And how ironic is it that Israel, the US and the West is blaming Hamas for the wreckage wreaked on Gaza, saying it's Hamas' fault that Palestinians are living with no electricity, no sewage control, no water, etc. that Hamas is the one responsible for setting them free of Israel's strangehold. Amira Hass reports:
"Hamas operatives had been sawing away the foundations of the wall between Egyptian and Palestinian Rafah for a few months to make it easier to blow it up when the time came, a source close to the Popular Resistance Committees (PRC) in Rafah told Haaretz Wednesday.
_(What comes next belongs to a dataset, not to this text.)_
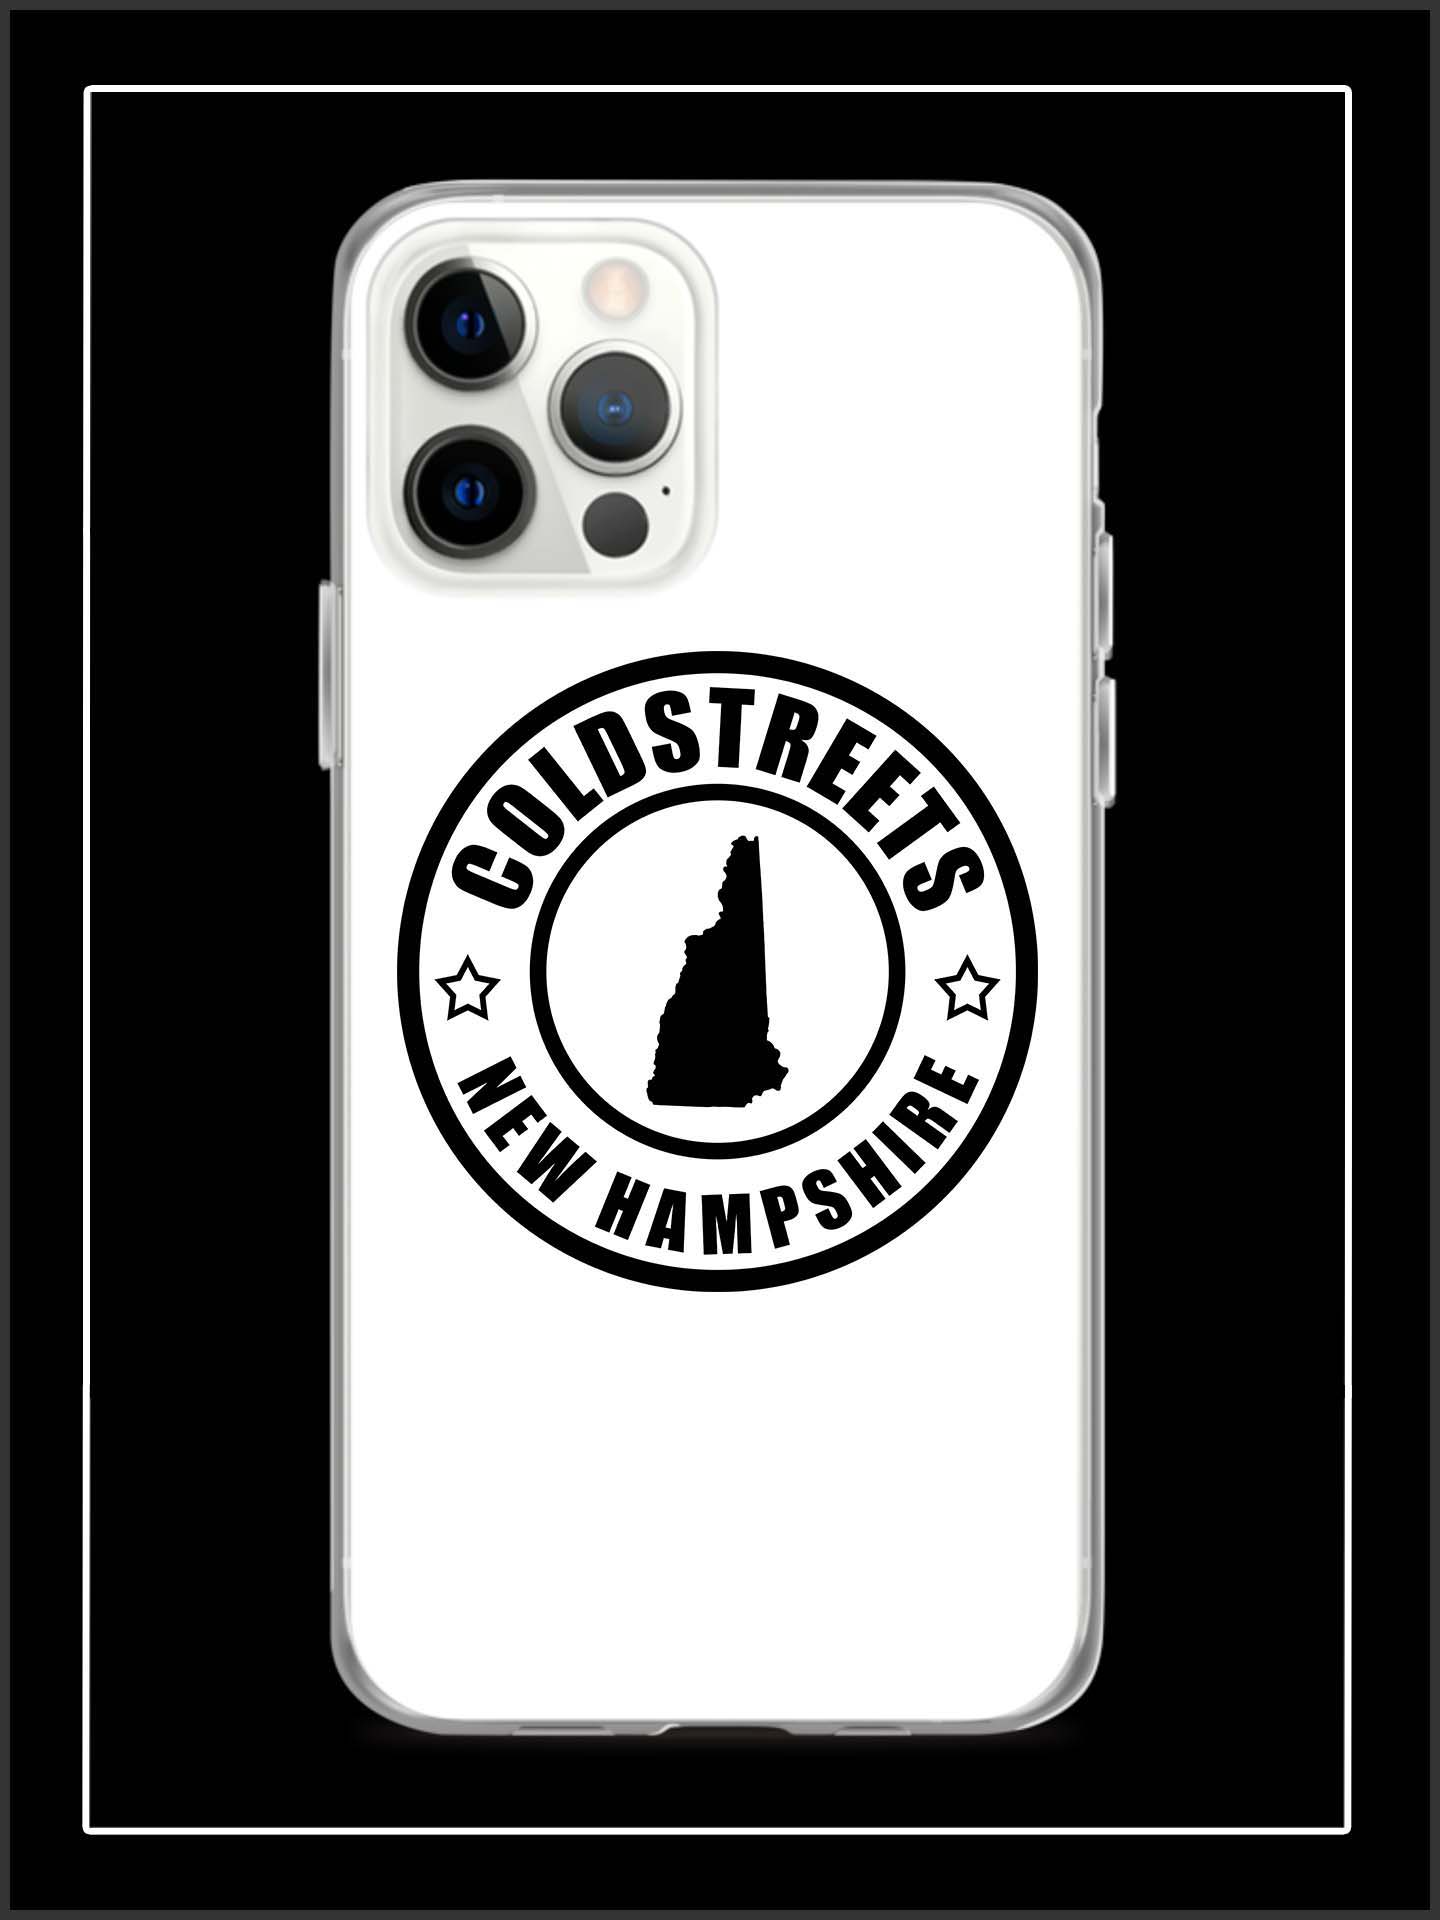 Cold Streets New Hampshire iPhone Cases

A central Hamas operative partially confirmed the report, although he told Haaretz it was PRC operatives who had prepared to breach the wall, while Hamas policemen did not interfere. In any case, Hamas has for months been discussing the need to take the initiative in ending the siege of Gaza.
Apparently, after four days of hermetic closure, following months of siege, the planners believed the political and social conditions were ripe to bring down the iron wall that Israel had put up."
What we have here now is a problem: how can the world continue to blame the suffering on Hamas when it is they who seem to be the only one concerned about the Palestinians? How can we continue to accuse them of selfishness, cutting their own electricity for "propaganda purposes" and isolate them when they blow up a wall that has encased Gazans to their worst nightmare? How can we stop Gazans from responding positively to Hamas when they do so many things that help them?
That is the dilemma now that is posed for the West. Hamas has done what no other body was able to do: give relief to Palestinians, give them access to aid and supplies, and most importantly, give them (a brief sense of) freedom. This latest event has bodly defined what Palestinians have been saying all along: the world is indifferent to their suffering. All the lip service about two-states, refugees, and freedom has led them to a closed area that is one of the most densely populated in the world. The world looks on by, talks the good talk while doing nothing to stop Israeli atrocities that claim more and more lives. We sit in horror as Olmert overtly claims that his policy is a collective punishment, and yet the international community does nothing about it. In fact, it does worse than nothing: it praises the oppressor for dealing with it swiftly! Now that is hubris.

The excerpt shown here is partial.